Figures 2 and 3 provide an overview of the CGC’s interpretation of the summary of findings from the systematic review. Full summary of findings tables can be found in Supplement Tables 1 to 5.

Recommendation 1

ACP recommends adding a sodium–glucose cotransporter-2 (SGLT-2) inhibitor or glucagon-like peptide-1 (GLP-1) agonist to metformin and lifestyle modifications in adults with type 2 diabetes and inadequate glycemic control (strong recommendation; high-certainty evidence).
Use an SGLT-2 inhibitor to reduce the risk for all-cause mortality, major adverse cardiovascular events, progression of chronic kidney disease, and hospitalization due to congestive heart failure.
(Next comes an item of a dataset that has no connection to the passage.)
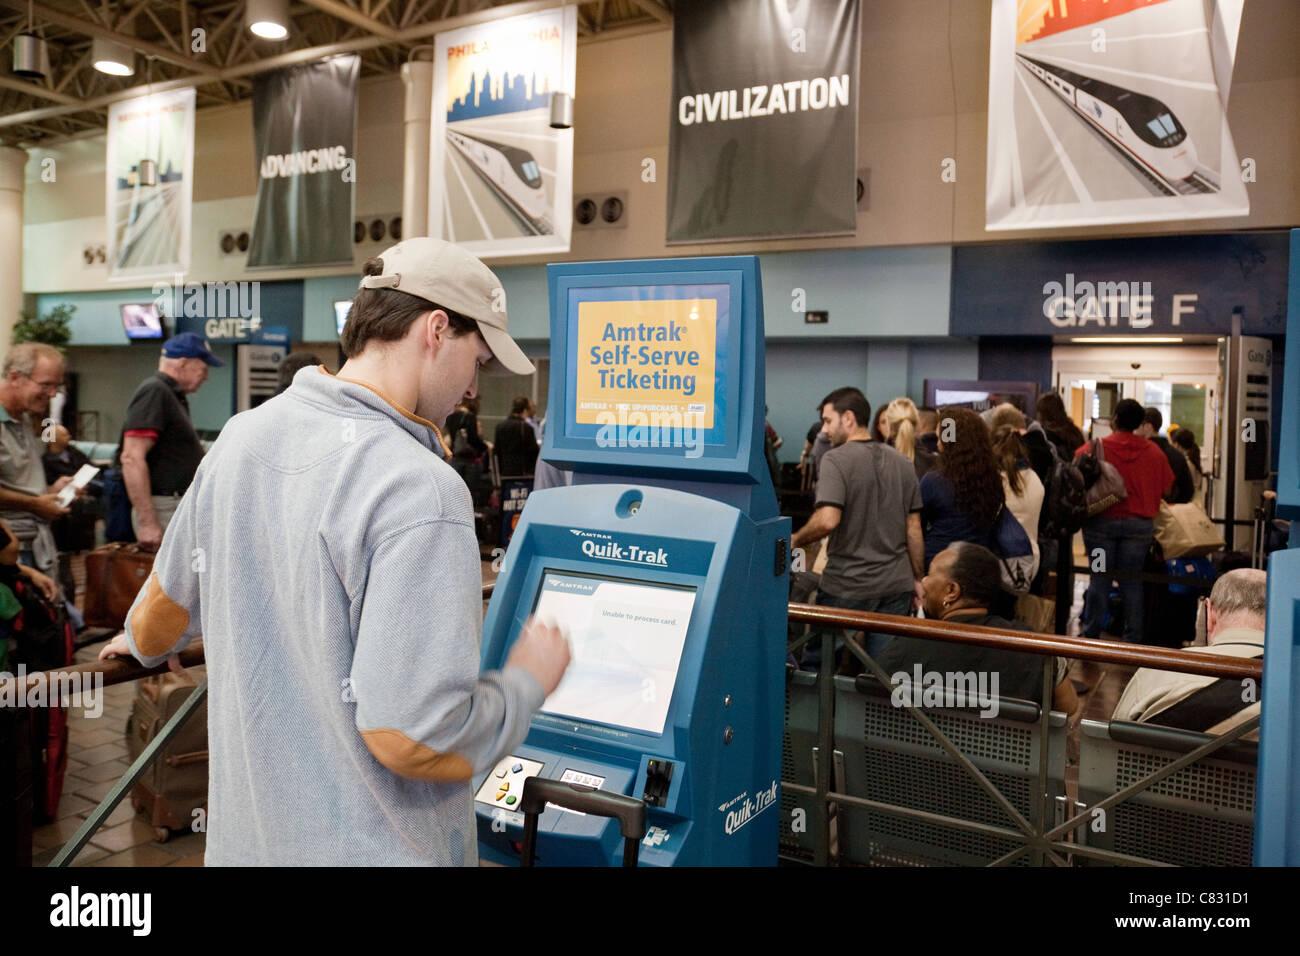 A man buying a rail ticket for an Amtrak train, Union Station, Washington DC USA - Stock Image

Use a GLP-1 agonist to reduce the risk for all-cause mortality, major adverse cardiovascular events, and stroke.
The only newer pharmacologic treatments of type 2 diabetes that reduced all-cause mortality compared with placebo or usual care were SGLT-2 inhibitors and GLP-1 agonists. However, after evaluating the benefits and harms of these pharmacologic classes, the CGC could not determine the superiority of one over the other. In addition, the most common usual care medication in the included trials was metformin. High-certainty evidence indicates that adding an SGLT-2 inhibitor to usual care reduces the risk for all-cause mortality, hospitalization due to CHF, and progression of CKD, and moderate-certainty evidence indicates that it probably reduces the risk for MACE compared with usual care (that is, background pharmacologic treatment and lifestyle modifications) (Supplement Table 1) (24). High-certainty evidence indicates that adding a GLP-1 agonist to usual care reduces the risk for all-cause mortality, MACE, and stroke (Supplement Table 1) (24). The CGC Public Panel considered the benefits and harms of SGLT-2 inhibitors and GLP-1 agonists and supported their use, which was consistent with the conclusions in the systematic review of studies on patient values and preferences (24).
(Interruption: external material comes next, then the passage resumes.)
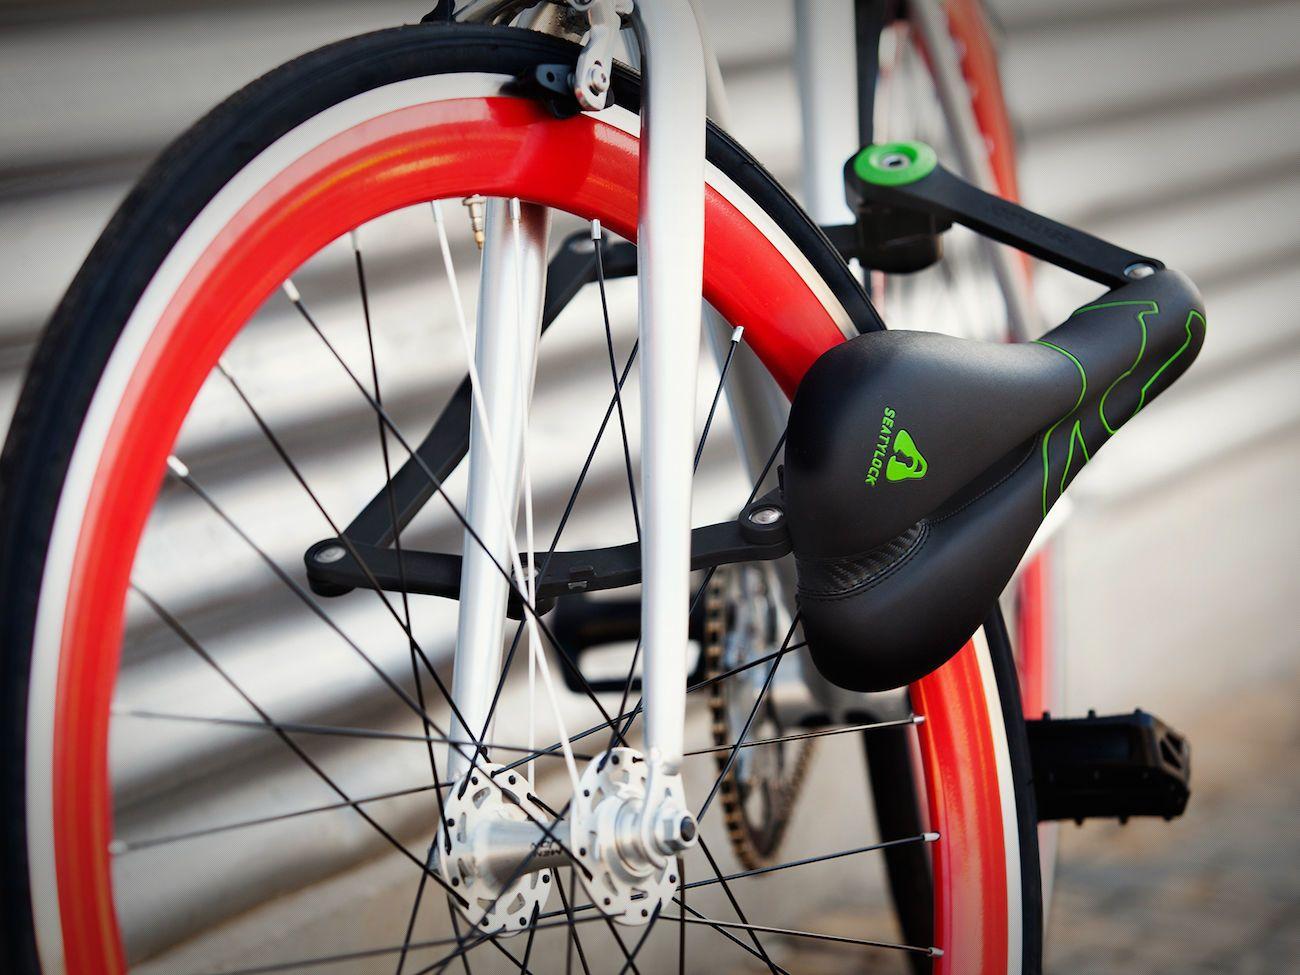 SEATYLOCK Anti-Theft Bicycle Saddle

When SGLT-2 inhibitors and GLP-1 agonists are compared indirectly (NMA), SGLT-2 inhibitors probably reduce the risk for hospitalization due to CHF, whereas GLP-1 agonists probably reduce the risk for stroke (Supplement Table 3) (24). Neither pharmacologic class causes severe hypoglycemia, but both are associated with various harms and carry specific warnings (24). Sodium–glucose cotransporter-2 inhibitors are associated with bone fractures, lower-limb amputations, urogenital mycotic infections, Fournier gangrene, orthostatic hypotension, euglycemic ketoacidosis, and other harms (24). Glucagon-like peptide-1 agonists are associated with thyroid C-cell tumors (in rodents), pancreatitis, acute gallbladder disease, diabetic retinopathy, and other harms (24). The analysis of SAEs was limited by variation in definition across studies, but it also included events that could be considered effectiveness outcomes (such as stroke and MI). As a result, newer therapies, such as SGLT-2 inhibitors, resulted in a reduction in SAEs compared with usual care (24), but this was likely attributable to how the outcome was measured as opposed to the treatment actually reducing SAEs.
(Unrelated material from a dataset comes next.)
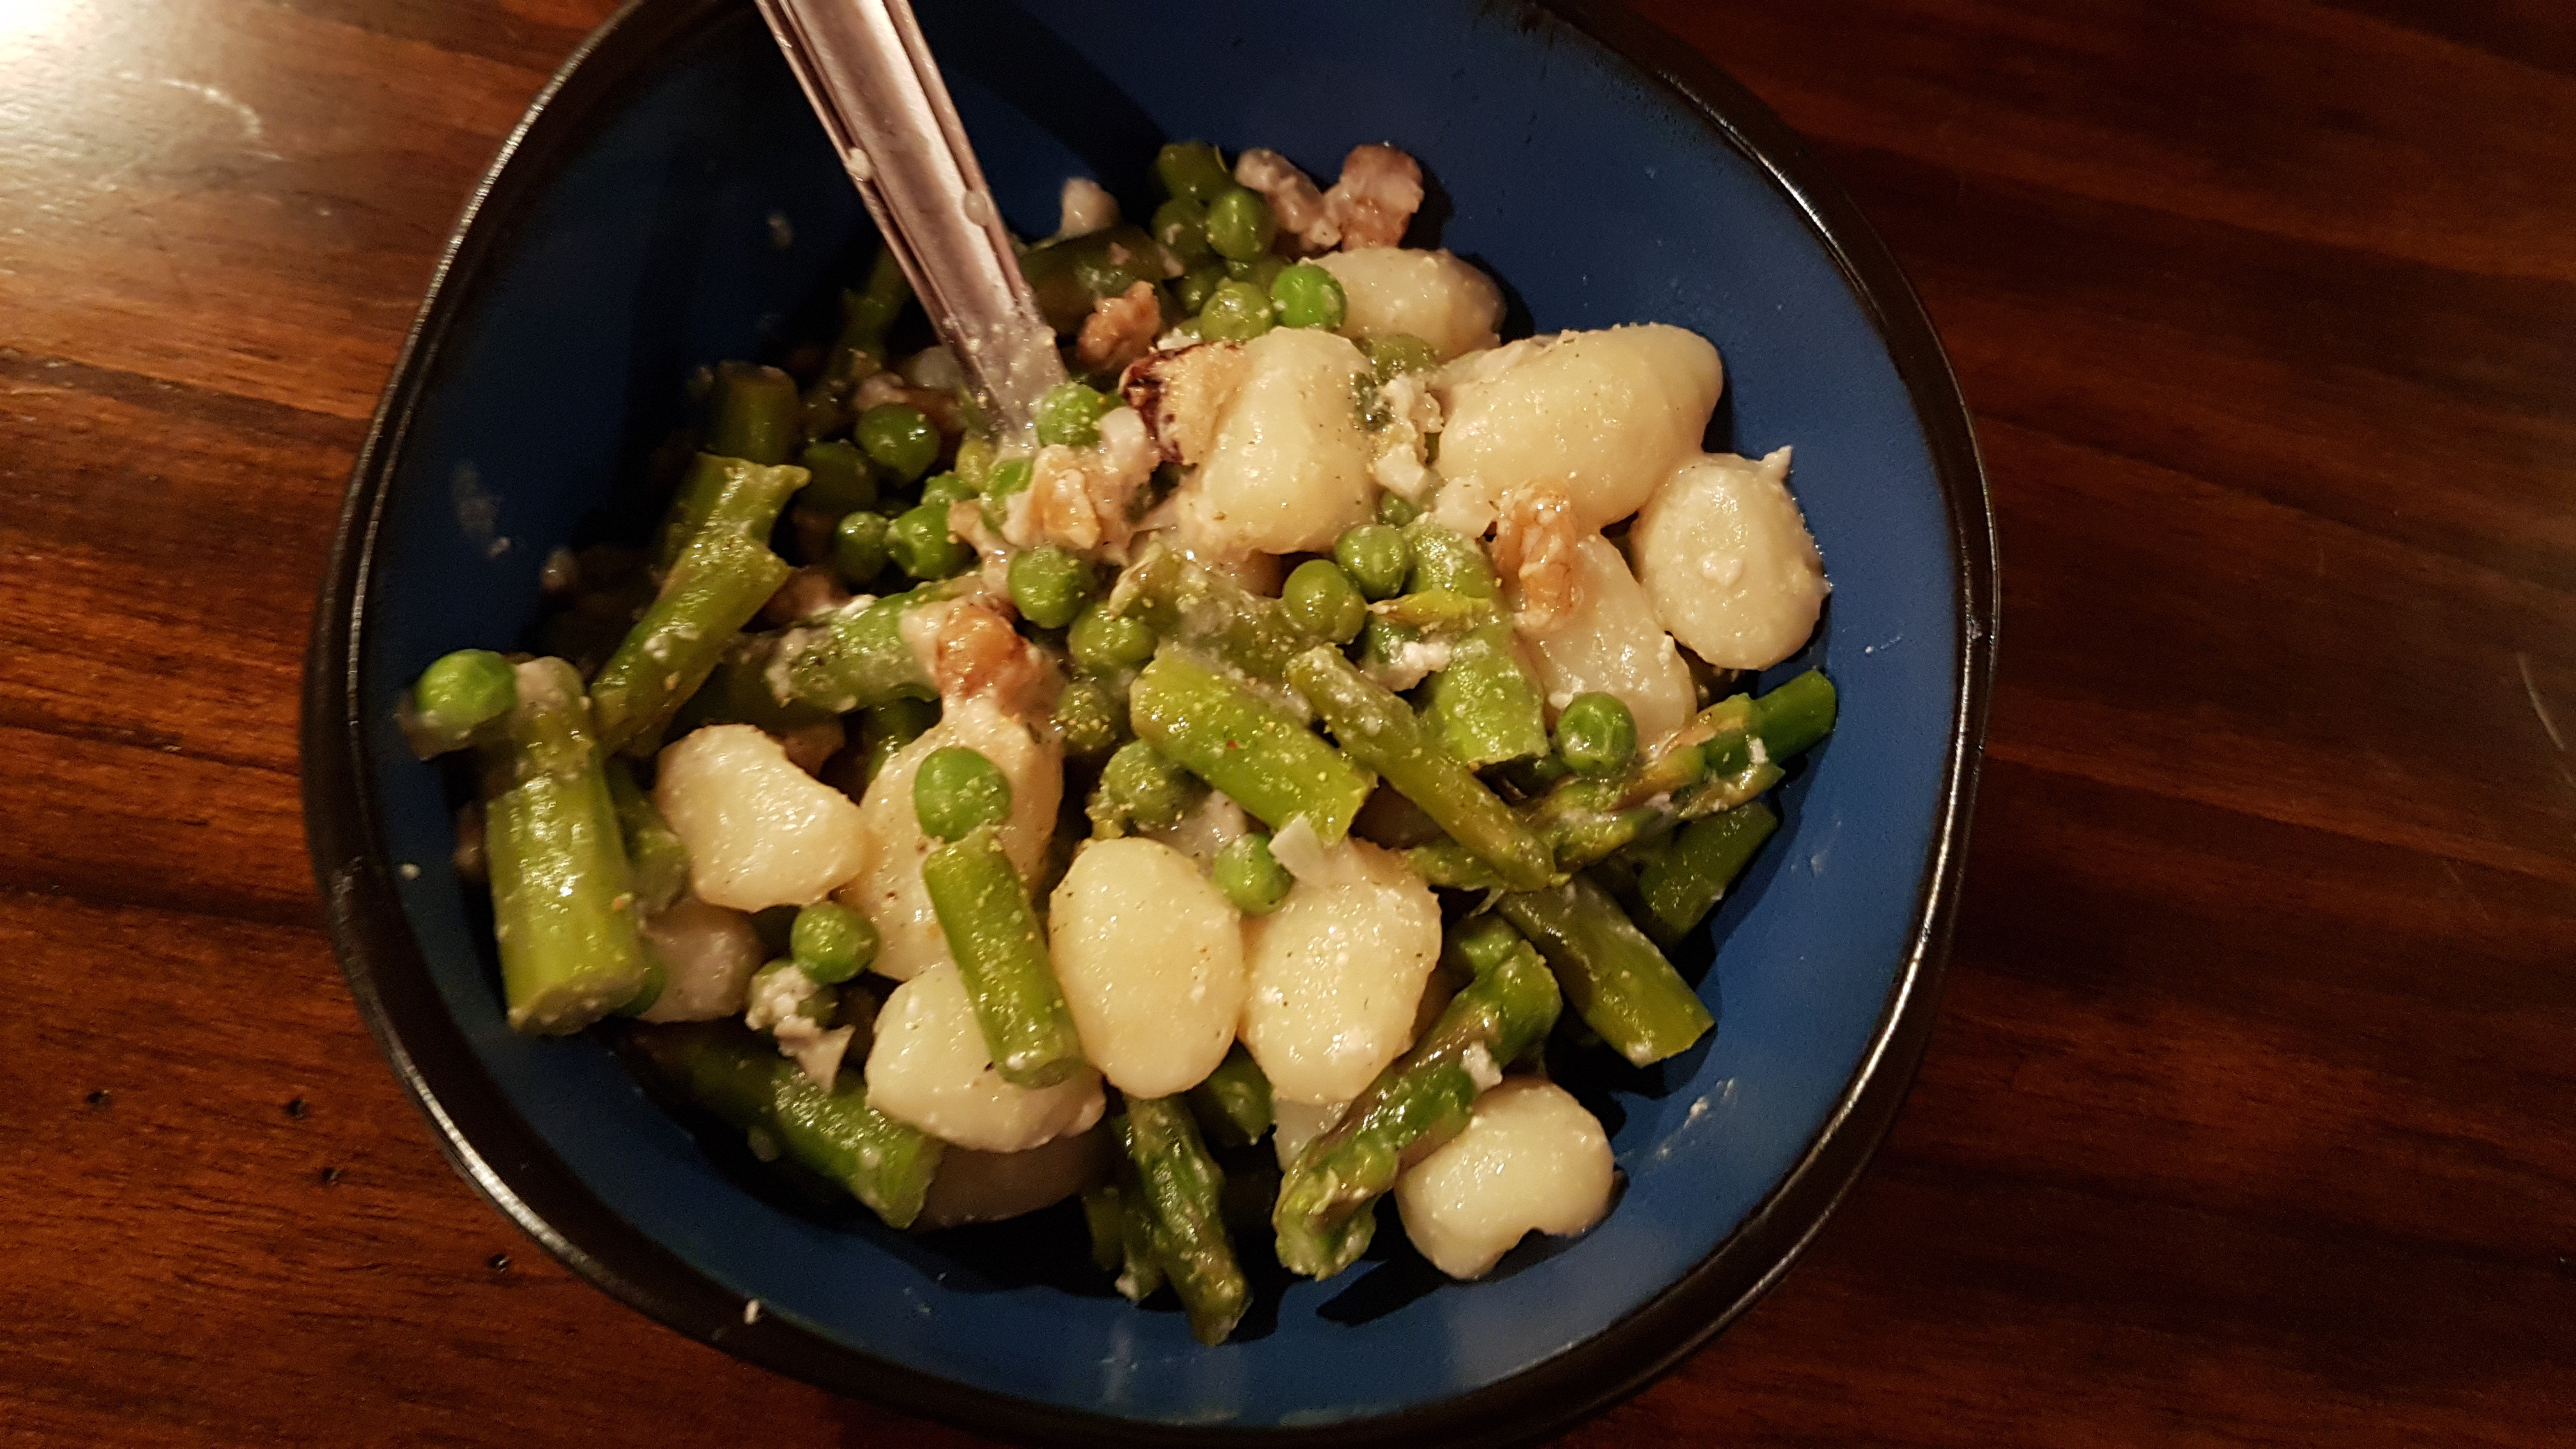 Spring Green Creamy Asparagus & Peas Gnocchi

Over study periods, SGLT-2 inhibitors and GLP-1 agonists resulted in total body weight loss (24). Inconsistent reporting of clinically important total body weight loss of 10% or more precluded accurate comparative assessment of this outcome by pharmacologic class (24). However, individual RCTs suggested that a higher percentage of participants had total body weight loss exceeding 10% with GLP-1 agonists than with usual care or long-acting insulins (24). Although all examined medications are indicated for improvement in glycemic control, primary study designs allowing postrandomization treatments in response to inadequate glycemic control, at the discretion of study investigators and physicians, precluded accurate assessment of comparative glycemic control by pharmacologic class (24).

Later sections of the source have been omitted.